When Maccabeus and his men got word that Lysias was besieging the strongholds, they and all the people, with lamentations and tears, prayed the Lord to send a good angel to save Israel. (...) And there, while they were still near Jerusalem, a horseman appeared at their head, clothed in white and brandishing weapons of gold. And together they all praised the merciful God, and were strengthened in heart, ready to assail not only humans but the wildest animals or walls of iron. They advanced in battle order, having their heavenly ally, for the Lord had mercy on them.

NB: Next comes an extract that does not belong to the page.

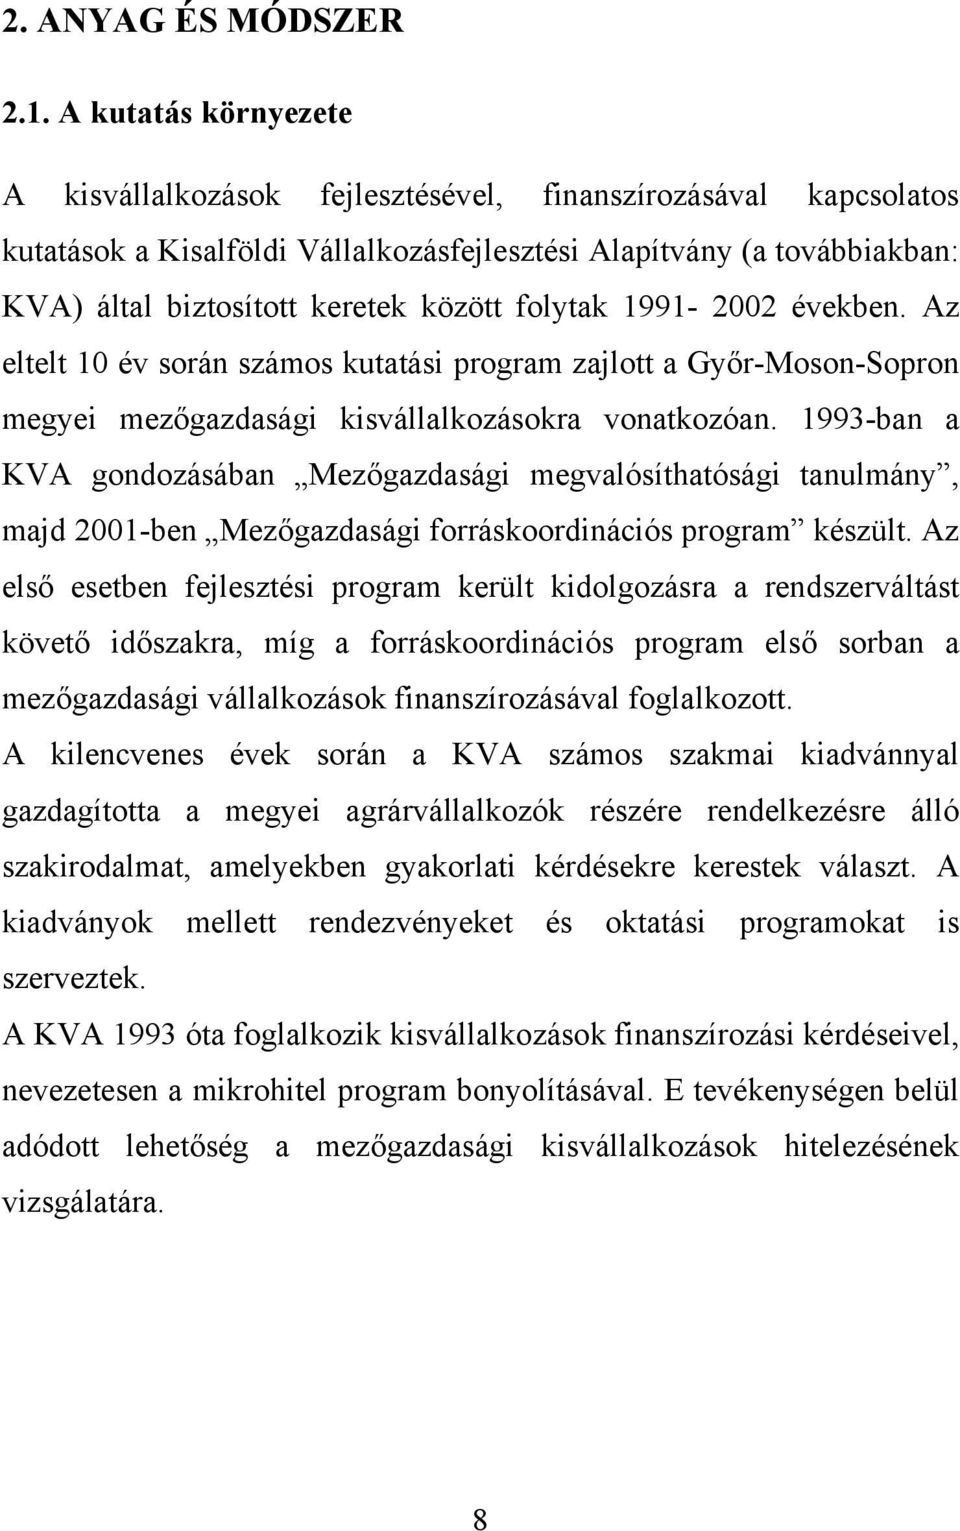 folytak 1991-2002 években. Az eltelt 10 év során számos kutatási program zajlott a Győr-Moson-Sopron megyei mezőgazdasági kisvállalkozásokra vonatkozóan.
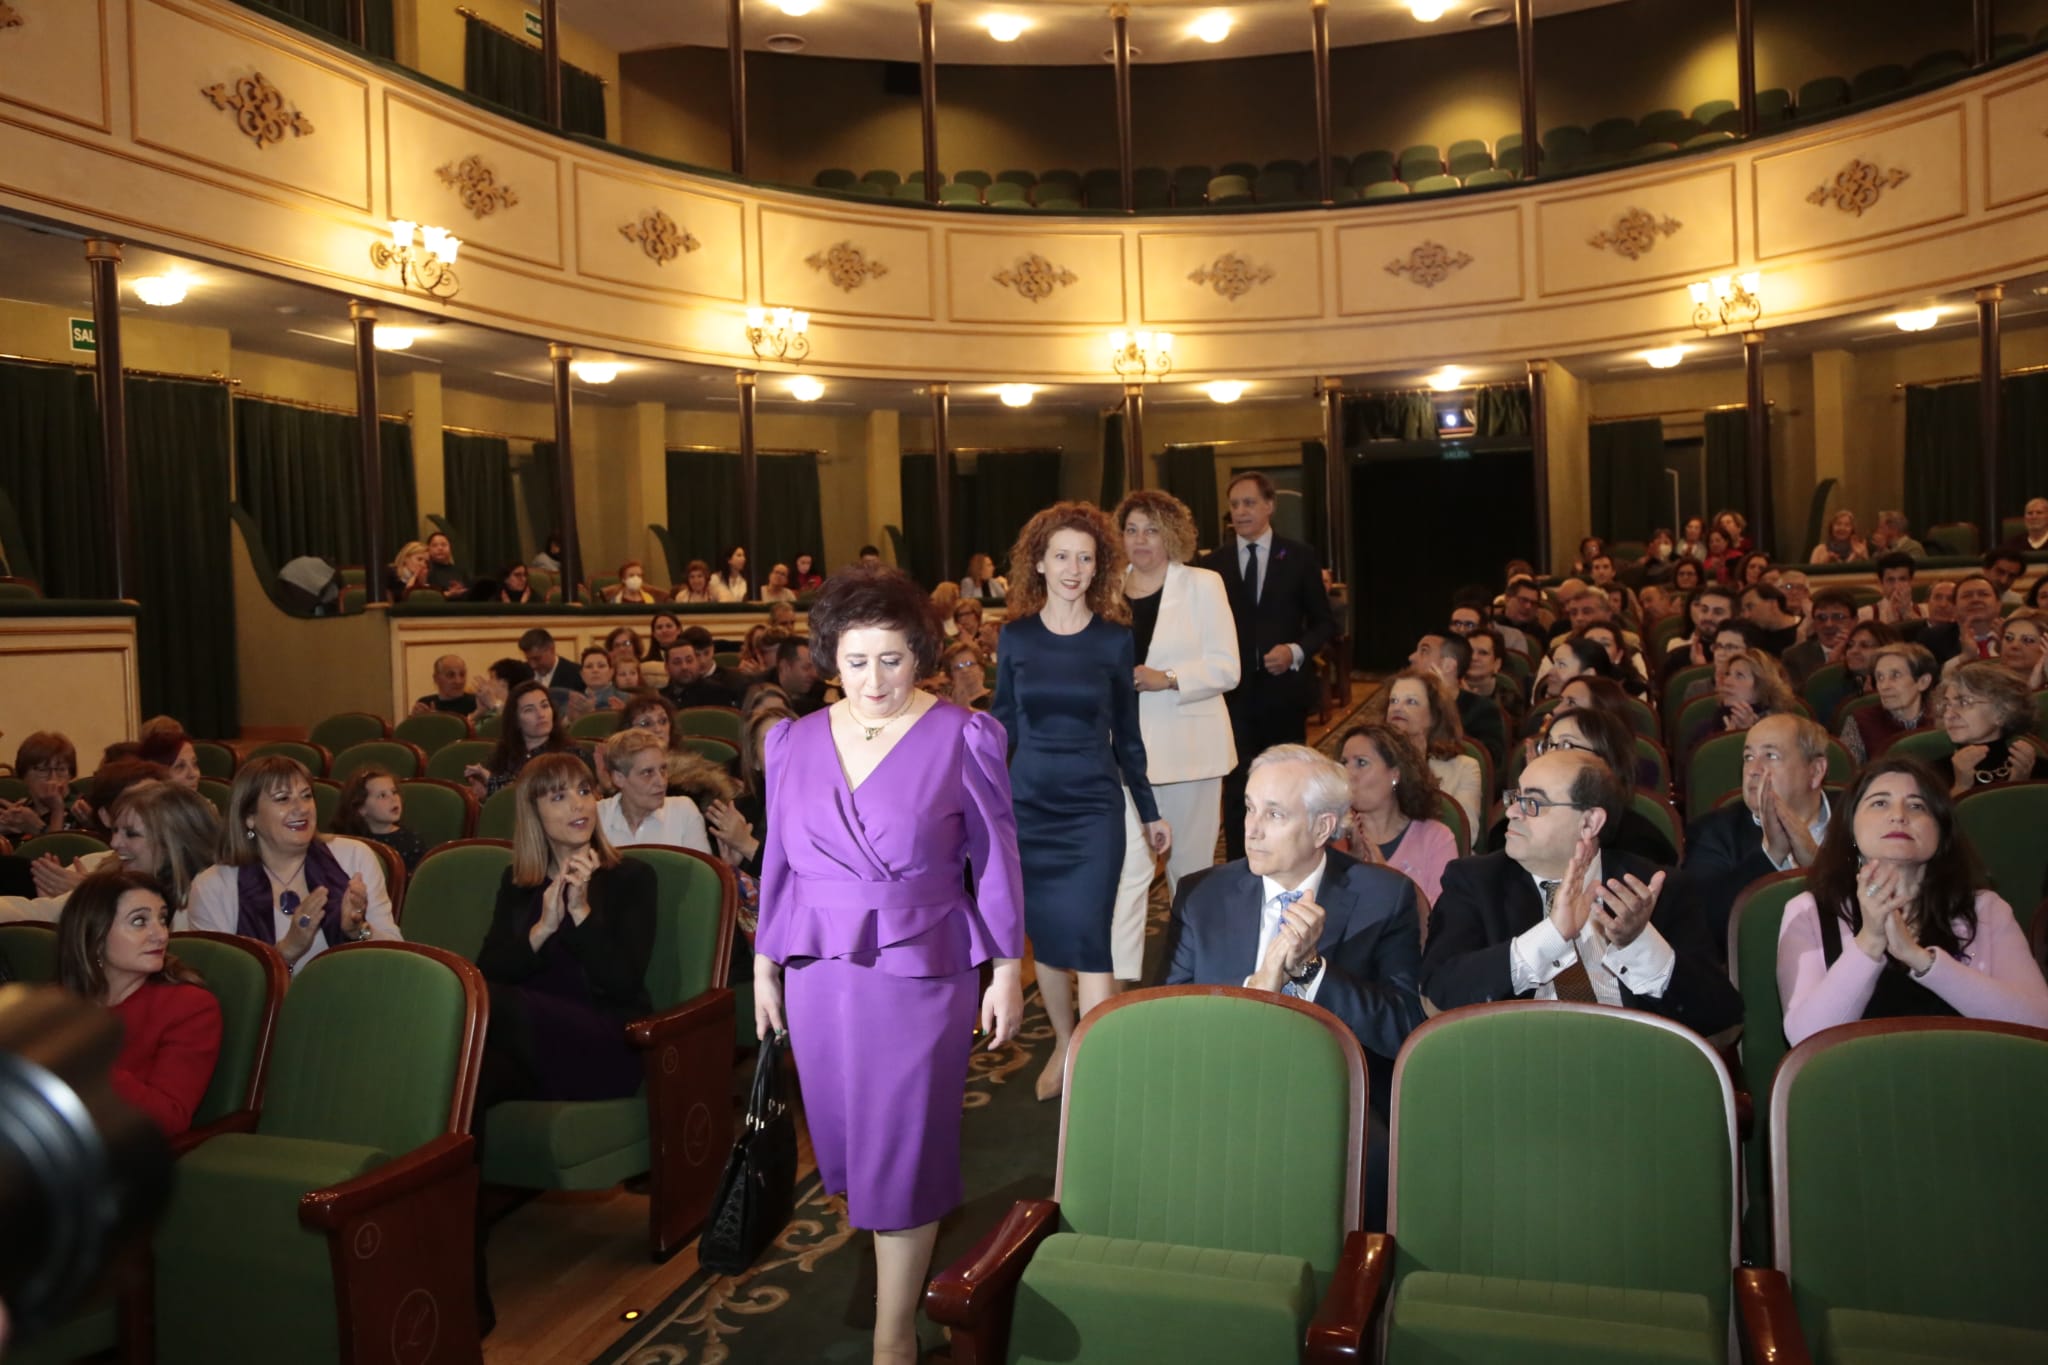 Fotos: Salamanca homenajea a Marta del Pozo, María Victoria Mateos y María Ángeles Hernández este 8 de marzo

— 2 Maccabees 11:6, 8-10 (NRSV)

According to 2 Maccabees, God directly sent an angel armed with weapons of gold to aid the Maccabees. Since 1 Maccabees does not mention an event such as a mysterious helper that surely the pro-Hasmonean author of the book would have eagerly proclaimed had it had any basis, the claim is not considered historical. Still, it proved a popular motif for art and literature afterward. It appears in the "Book of Dreams" in the Book of Enoch, chapters 83-90 (the Animal Apocalypse), where the angel both joins the battle and records the event.

== Bibliography ==
- Bar-Kochva, Bezalel (1989). "Judas Maccabaeus: The Jewish Struggle Against the Seleucids"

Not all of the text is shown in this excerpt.